Much of the war here involved alpine warfare. These troops were very short of supplies. Commanders underestimated how long soldiers would need to be there. Soldiers literally fell off mountains. Frostbite was common and in some battles and deployments more people froze to death than were killed by the enemy. New fighting tactics emerged in such a tough environment, like field commanders giving direct orders instead of people higher up the chain of command. In fact Hemingway famously wrote about this part of the war in his book “A Farewell to Arms”. After seeing some of the old trenches and visiting the WWI museum, our guide Ervin wisely commented that after all this fighting, although some of the empires broke up, nothing really changed. All the borders to the countries birthed by the war were pretty much the same as they were before the war. Huh, what a waste, I guess some things are timeless. The museums selection of old alpine warfare gear was interesting.

Some of the remaining World War I bunkers.

Kluze fort. The fort guarded the narrowest part of the valley leading into Italy. Italians used it in the 15th century to defend Italy from Ottoman Turks, but in WWI Austrians used it to keep Italians out of their territory.

These rungs leading straight up the mountain and the tunnels on the side of the mountain are next to the fort. These structures allowed soldiers to access a second fort on top the mountain directly above the valley fort. The mountain fort was destroyed.

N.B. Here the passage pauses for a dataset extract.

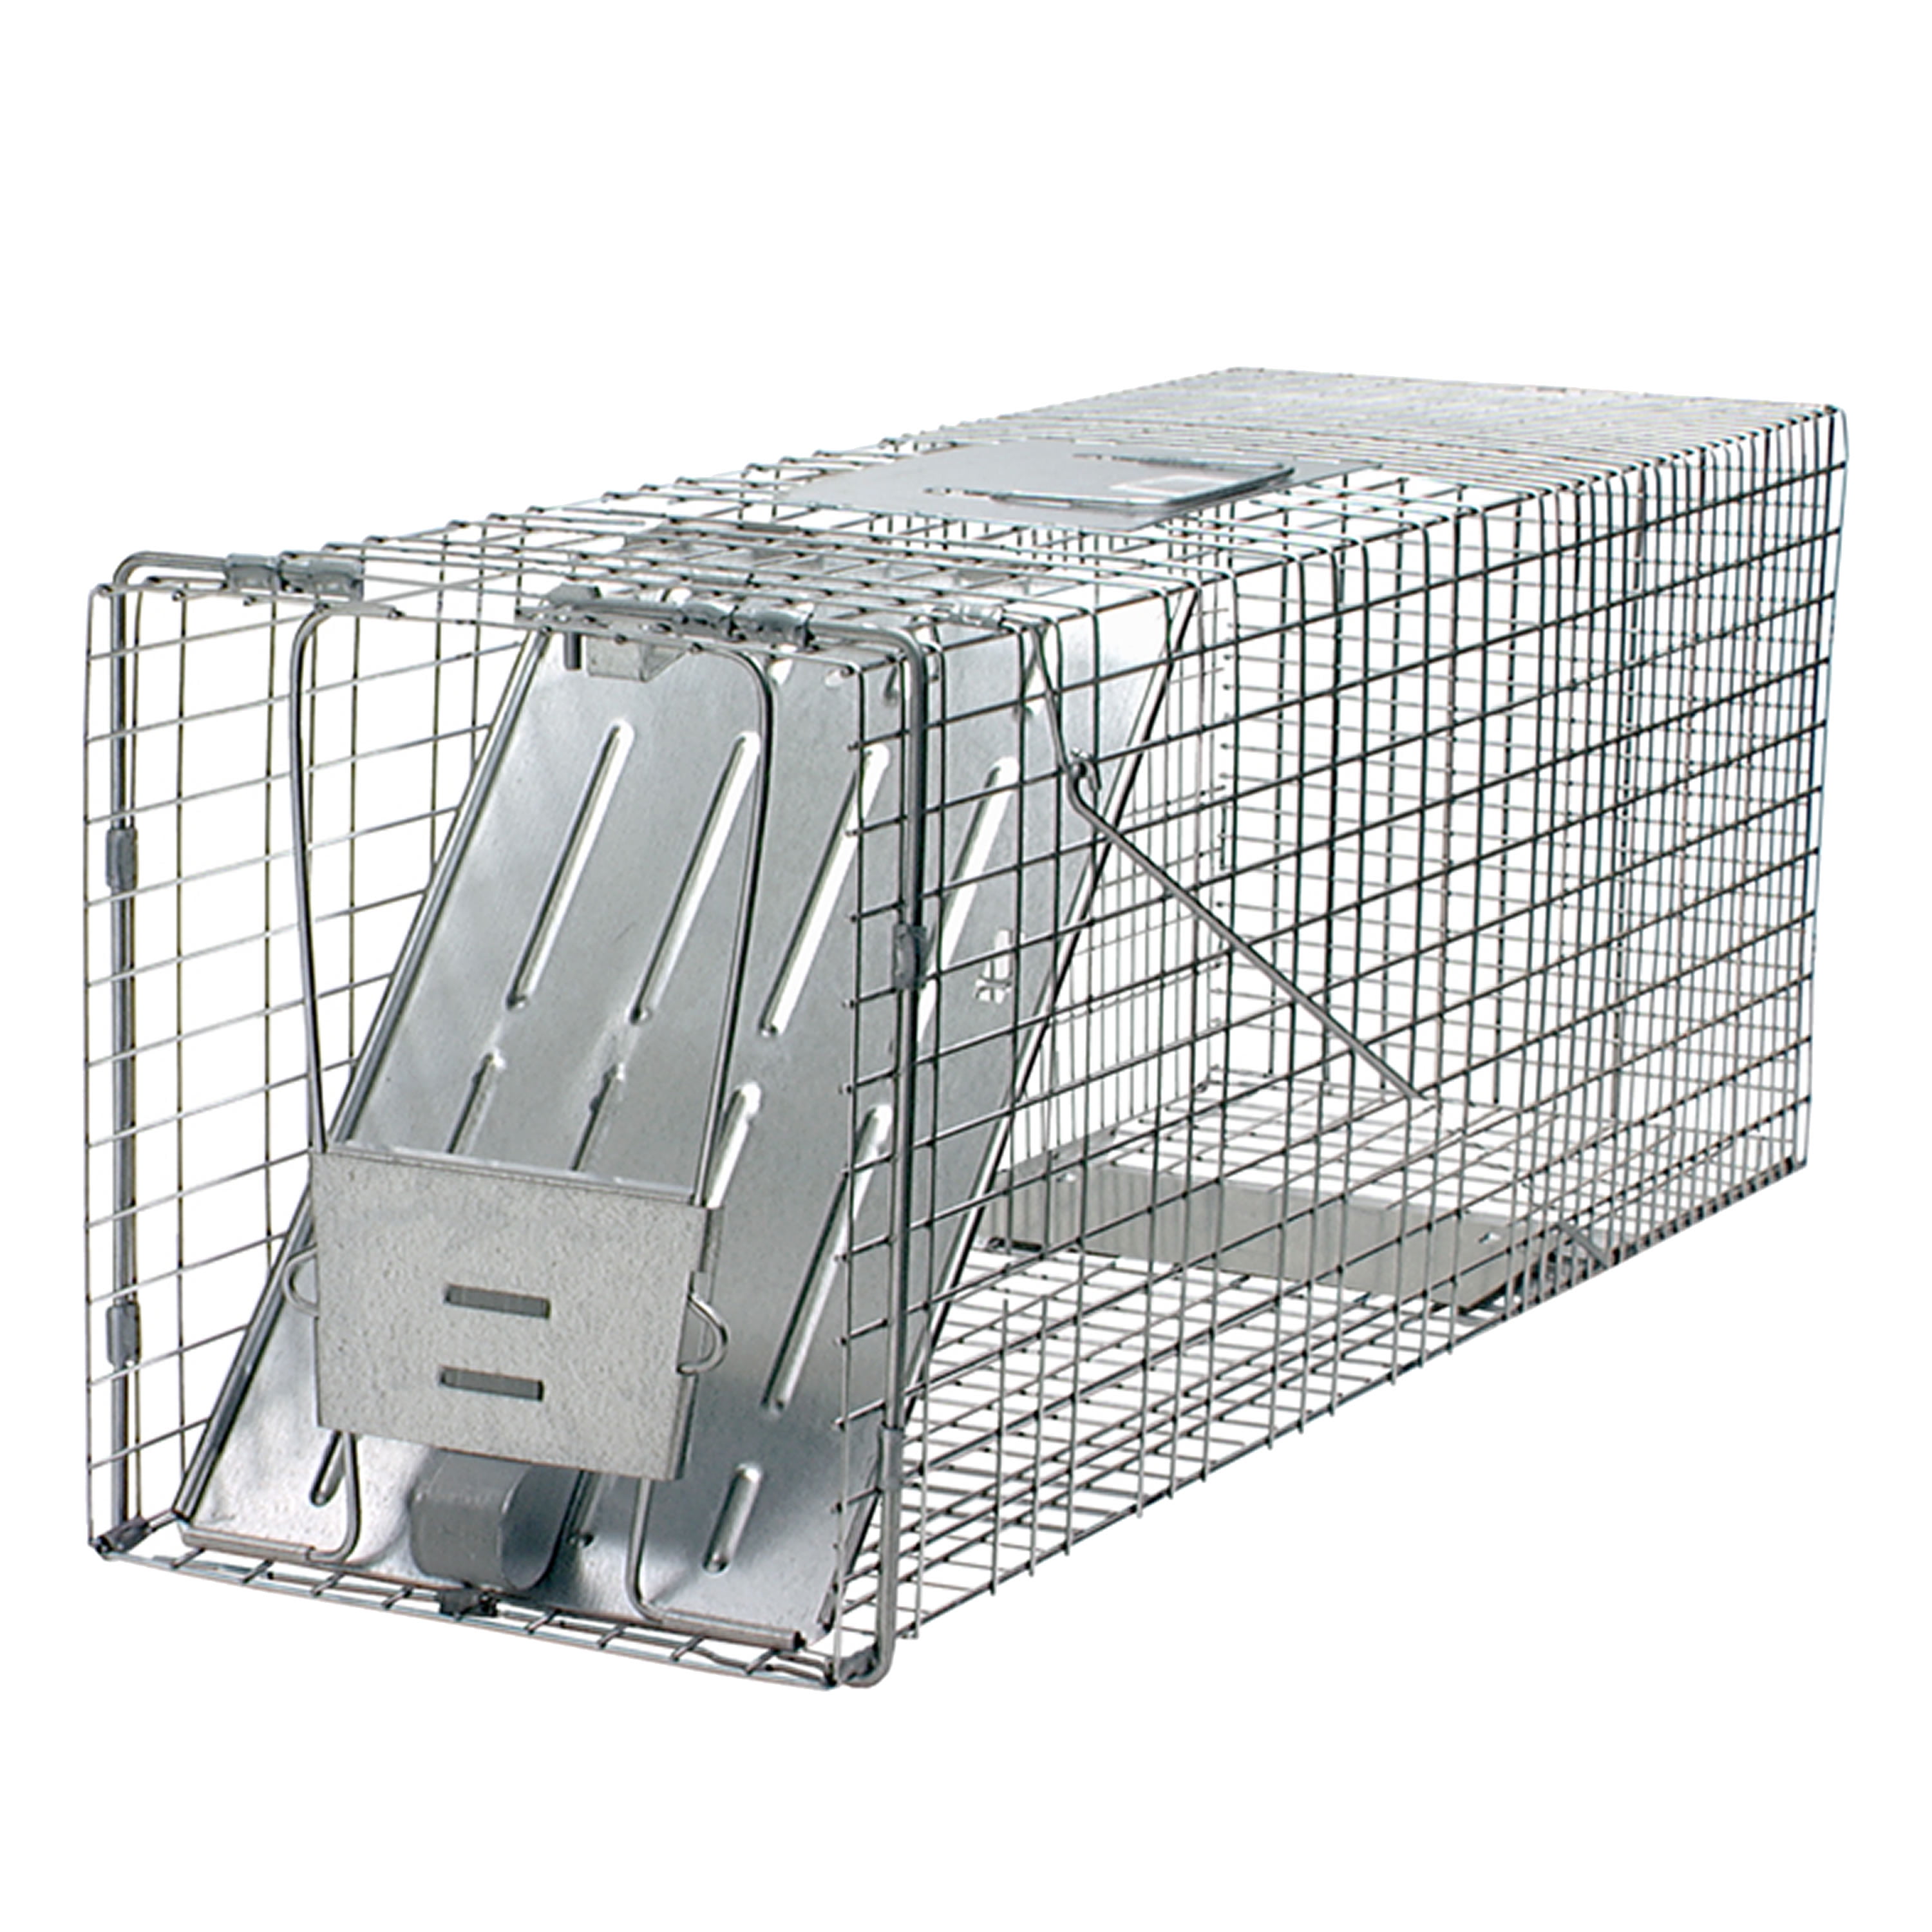 NEW 24" Live Animal Trap for Small Rodents & Animals

With all of this war talk, I asked our guide Ervin about his experience with the fighting here when Slovenia was the first republic to declare independence and break away from Yugoslavia. He said that he was young, only 5, but he remembered the air raid sirens and that everyone but him and his brother ran indoors. His parents sent them outside to play. He said his father’s response was, “Really, who’s going to attack Slovenia?”. Well he was right. The Yugoslav army approached the boarder, but within weeks retreated and left everyone alone. This was after about 75 people died from fighting, and although tragic, this was just a pittance of how many people died when Croatia and Bosnia declared their independence.

Hayracks. . . Slovenes are proud of them, and they are uniquely Slovenian. These are simply upright racks used to dry hay. They are everywhere in the countryside. I wish I would have taken a picture of this, but after scrutinizing their concrete freeway noise barriers I noticed they were built to replicate the shape of a hayrack because they had a little fake roof built over the walls. Another example, when we were driving through the Julian Alps we briefly drove through a small section of Italy where no hayracks were to be seen, but literally after you cross the border they are everywhere. I don’t get it, same agricultural hayfields on both sides of the border, same landscape, very similar people, but this was different. I guess it is a Slovene thing. It is also clear that since the 90’s the Slovenes have clearly caught onto capitalism because many hayracks were not being used for hay anymore. Instead they were being used as billboards. . . another picture I should have taken.


As we arrived in the town of Bled. We said goodbye to our guide Ervin.